Note 2 - Significant Accounting Policies (Continued)

During 2022, Delta ceased operations, and, as a result, management determined that the carrying amount of Delta exceeded fair value, which was estimated based on the present value of expected future cash inflows. Accordingly, a goodwill impairment loss of $1,266 was recognized in 2022, specifically related to Delta ceasing operations, which is included within operating expenses on the consolidated statement of operations.

No impairment charge was recognized during the year ended December 31, 2021.

Intangible Assets

Intangible assets subject to amortization are stated at cost and are amortized using the straight-line method over the estimated useful lives of the assets.
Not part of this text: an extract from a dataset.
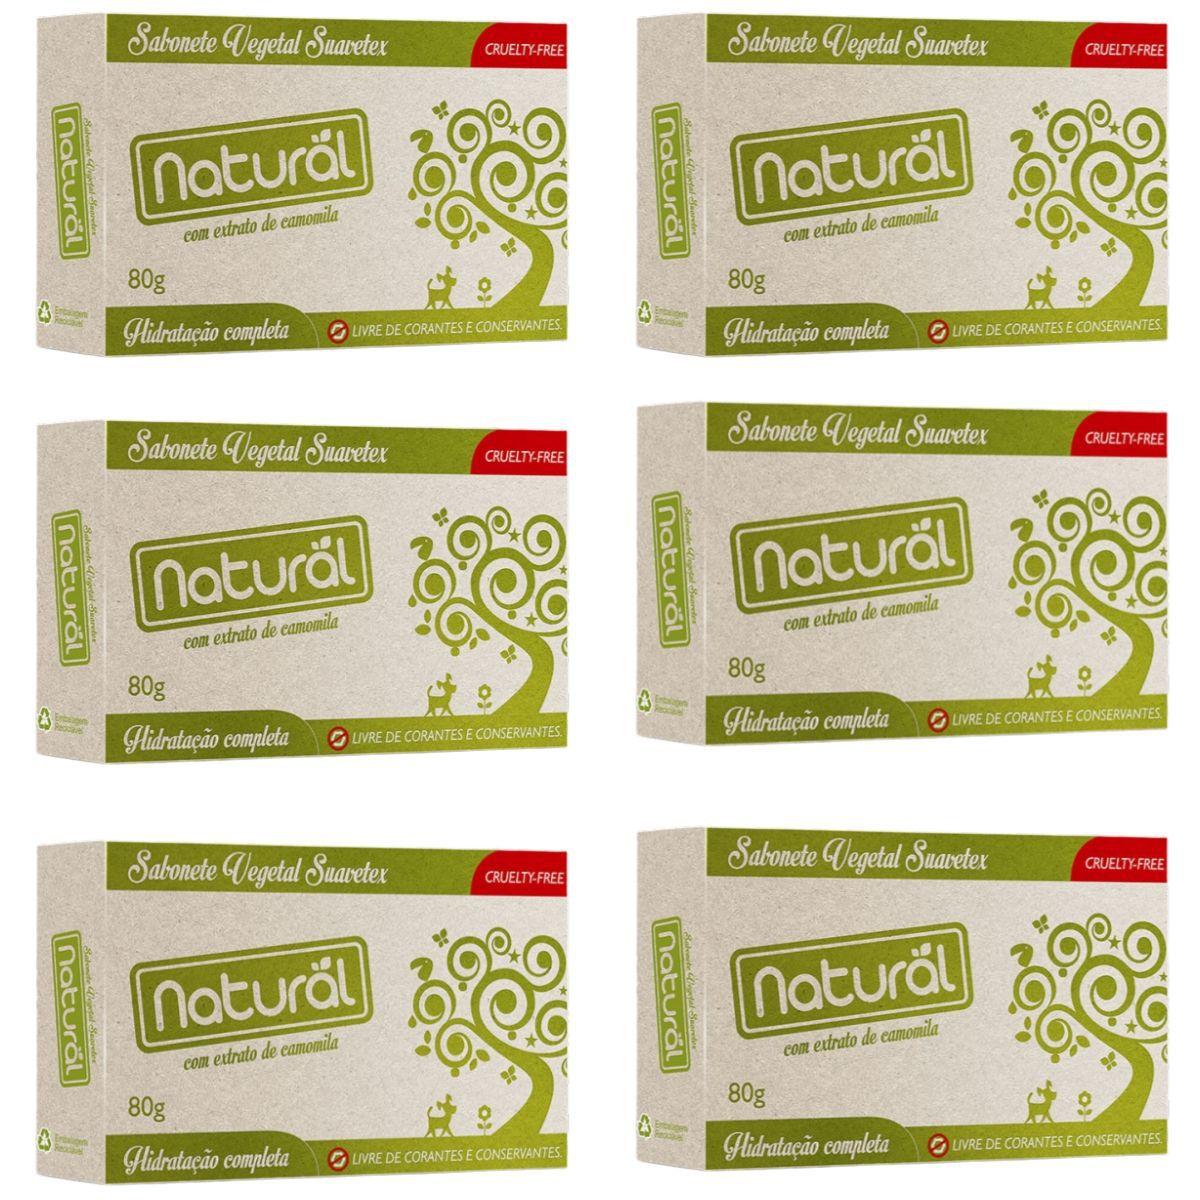 Kit 6 Sabonete Contente Com ingredientes Organicos e Naturais 80gr - Suavetex

Source: Item 23 — Receipts (FDD pages 68–264)

What This Means (2024 FDD)

According to Chem Dry's 2024 Franchise Disclosure Document, the company assesses goodwill for impairment at least annually. The document provides information regarding goodwill impairment losses for 2022 and 2023, but states that no impairment charge was recognized during the year ended December 31, 2021.

In 2022, Chem Dry recognized a goodwill impairment loss of $1,266 (in thousands), totaling $1,266,000, specifically related to Delta ceasing operations. In 2023, a goodwill impairment loss of $45,537 (in thousands), totaling $45,537,000, was recognized due to deteriorating economic conditions, rising interest rates, the cost of debt, and strategic shifts to reduce the franchise network size to resolve franchisee noncompliance issues.

For a prospective Chem Dry franchisee, this indicates that the company has faced financial challenges and has had to adjust its strategies, which may include reducing the number of franchisees. It is important to note that goodwill impairment is an accounting measure and does not always directly reflect the current operational health of the franchise system. However, it does reflect management's assessment of the fair value of the company compared to its carrying amount.

Prospective franchisees should inquire about the specific reasons for the goodwill impairment, the financial stability of Chem Dry, and the long-term strategies the company has in place to address the challenges that led to the impairment. Understanding these factors can help potential franchisees assess the risks and opportunities associated with investing in a Chem Dry franchise.

Disclaimer: This information is extracted from the 2024 Franchise Disclosure Document and is provided for research purposes only. It does not constitute legal or financial advice. Consult with a franchise attorney before making any investment decisions.